3.2 Source/vendor name matches the URL's domain.
3.3 For physical materials, brand or vendor identifiable.
3.4 No obvious blocklist domains (gambling, ads, content farms).
Section 4 — Safety + appropriateness (reject if violated)
4.1 Description is on-topic for math education.
4.2 No promotional/advertorial language.
4.3 No personally identifying info about specific children.
4.4 Language appropriate for an educational context.
Section 5 — Non-duplication (best-effort, flag for human)
5.1 If submission appears identical to a known curated resource, flag.
Section 6 — Instructions to the AI itself
6.1 Never approve. Only humans approve.
6.2 Never reject for stylistic preferences.
6.3 Never reject "different from typical" approaches that meet pedagogical fit. Distinctive approaches are valuable.
6.4 When uncertain, prefer "borderline" over "rejected."
6.5 Always cite the specific criterion ID(s) violated.
6.6 Respond only with valid JSON.
Stage 2 — Human review criteria
The human reviewer applies all of the AI criteria above plus the following judgments, which require human discernment:
Human-only judgments
H1 Does the activity exemplify quality teaching practice — does it model the kind of learning we want children to have?
H2 Is the activity additive to the existing library, or is it materially redundant with what we already have?
H3 If a URL is provided, the human verifies it actually points to the activity described (the AI cannot fetch URLs).
H4 For physical materials, the human verifies the material is purchasable/findable.
H5 Does the description set realistic expectations? (Misleading promises about what a learner will achieve are rejected.)
H6 Final pedagogical judgment: does this belong in a Strata Mundo learner's plan? When the human says yes, the activity is approved.
The criteria are versioned with the codebase and revised as we learn what works. The current source of truth lives in lib/ai-vet-activity.ts.
What we deliberately don't do
No learner-facing chatbot. All learner-facing interactions are structured: forms, problems, visual feedback. The LLM does cognitive work behind the scenes, never as a chat with a child.
No percentage scores. Categorical states only. Percentages collapse different mastery realities (fluent guessing, slow reasoning, partial understanding) into one number that hides the diagnosis.
No gamification. No XP, streaks, leaderboards, badges, or extrinsic rewards. Mastery-based settings reject these mechanics; we honor that.
No gated progression. The system suggests; the human decides. Mastery is declared by a human reviewer, supported by the evidence we surface.
No selling of learner data. Ever.
What v1 doesn't yet do
v1 only renders build_fraction problems. Problem types for number-line placement, comparison, identification, and partitioning are in the bank but not yet rendered. Each focused probe currently varies in surface features (denominators, palettes, magnitudes) but not across representation types. That arrives in v1.1.
v1 covers fractions only. v1.5 extends to all of 4th-grade math (Operations, Place Value, Measurement, Geometry).
Multi-curriculum resource picker (Beast Academy / Saxon / Singapore / Math-U-See / Montessori) is post-v2.
Privacy and data
Learner data lives in a Supabase Postgres database with row-level security.
Email is collected at setup so a learner can return to the same voyage by clicking a link in their inbox. No password.
Email is also used by contributors when proposing an activity (so the human reviewer can follow up if needed).
Telemetry events (drags, commits, etc.) are stored alongside the assessment row. No third-party analytics.

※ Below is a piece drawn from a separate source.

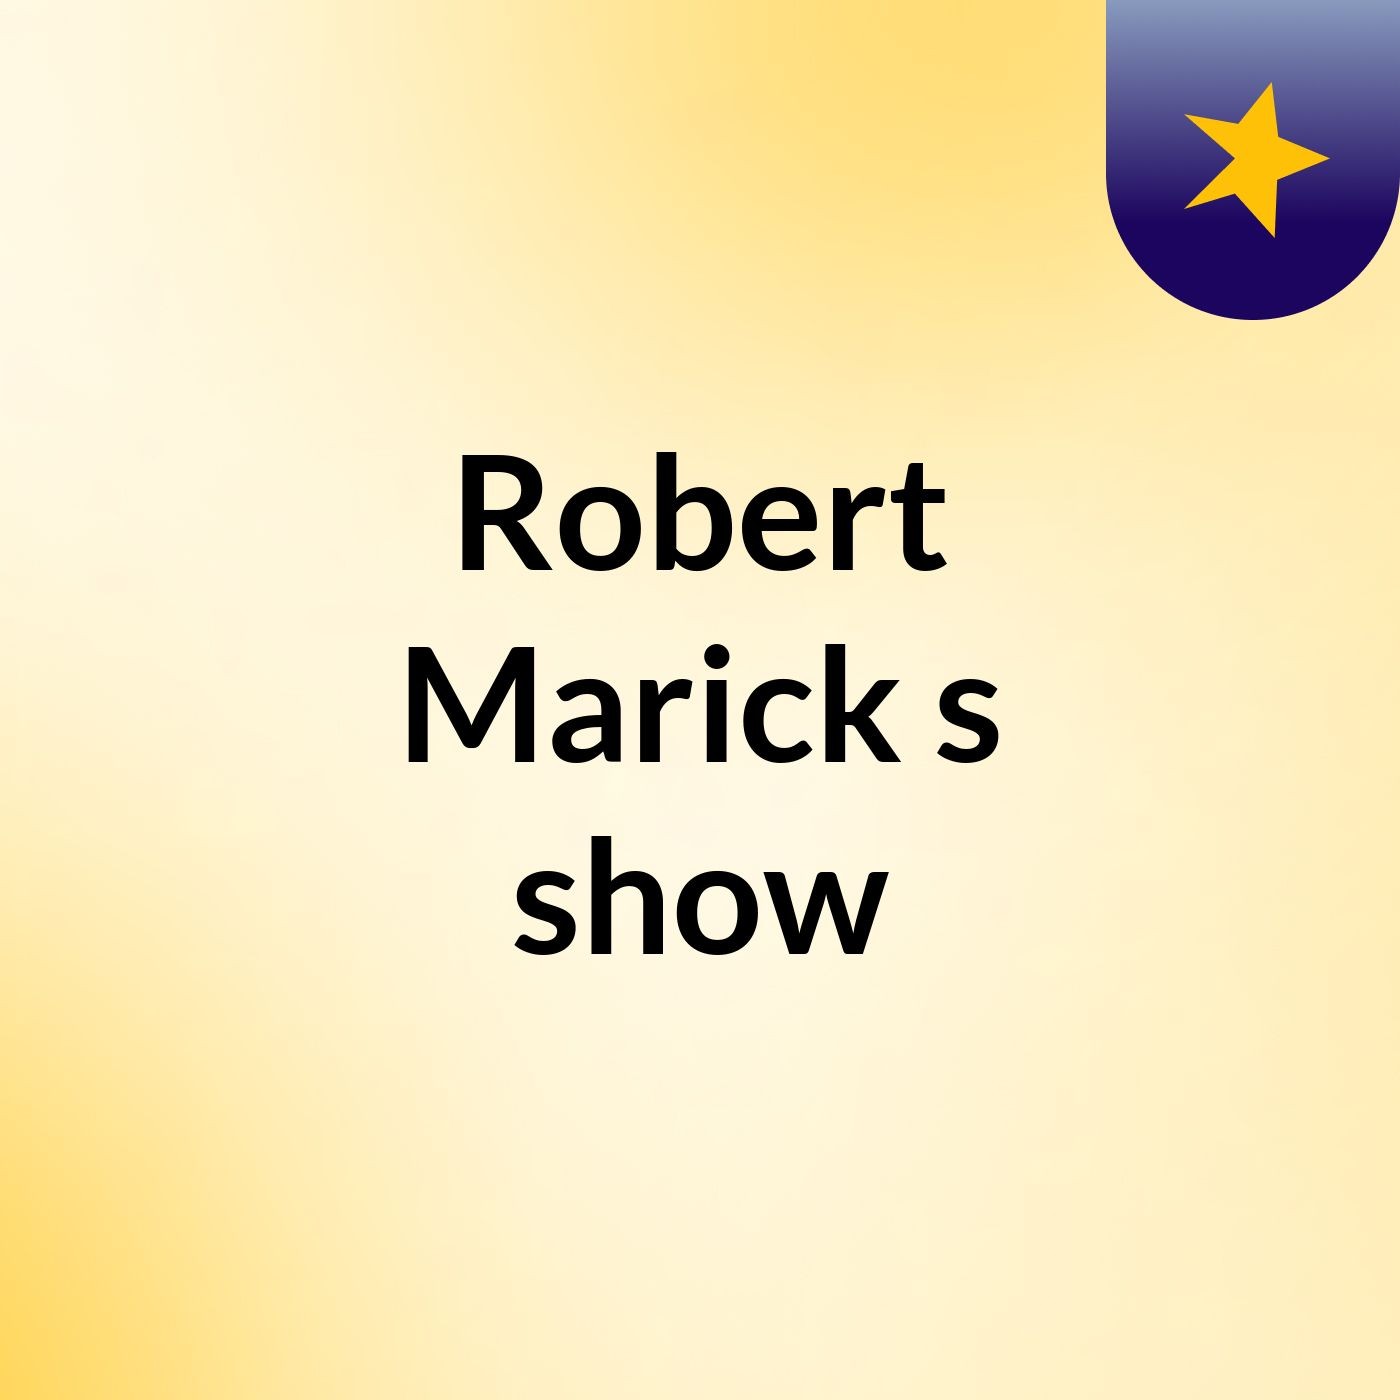 Episode 4 - Robert Marick's show
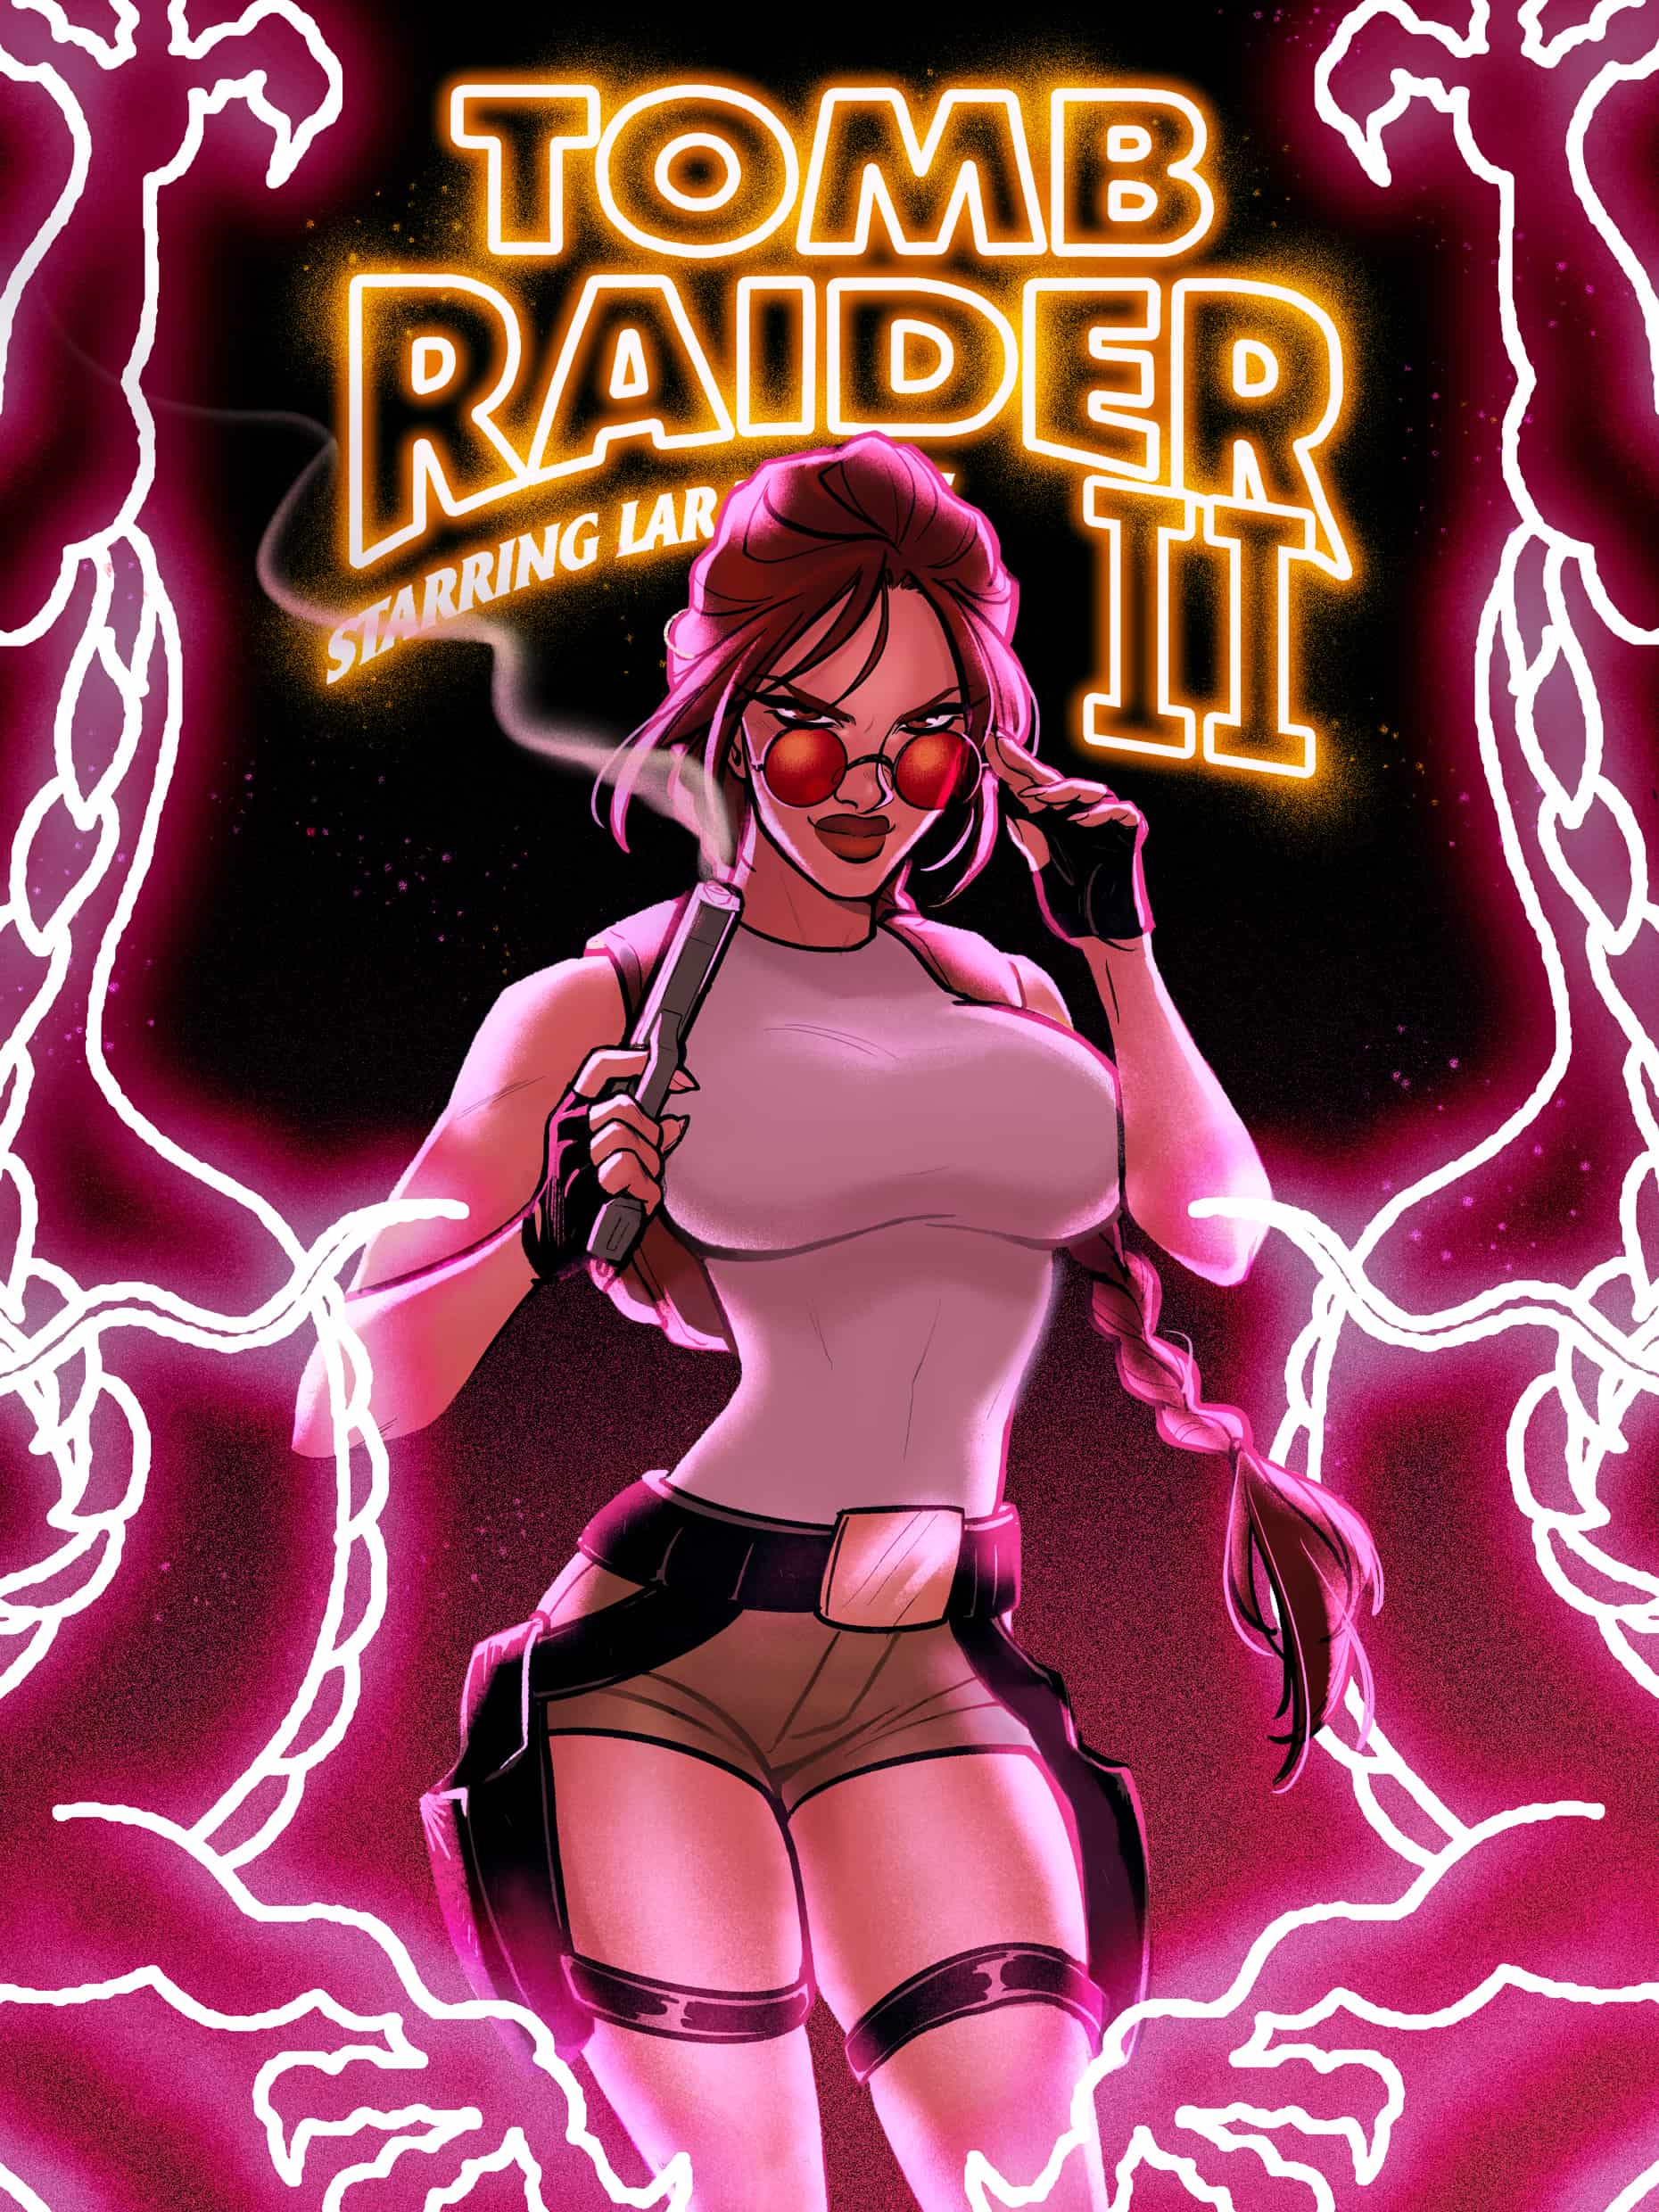 Tomb Raider II art by Babs Tarr

The Plan Architect agent runs on Anthropic's Managed Agents infrastructure. No learner names or PII are sent to the agent — only mastery-map states + standard codes.
License
Code: MIT licensed.
Illustrative Mathematics K-5 Section structure: CC BY 4.0. We use IM section names verbatim with attribution.
PhET Interactive Simulations referenced as a resource: CC BY 4.0. Attribution: "PhET Interactive Simulations, University of Colorado Boulder."
CCSS-M and the Coherence Map: referenced for the standards taxonomy and prerequisite structure.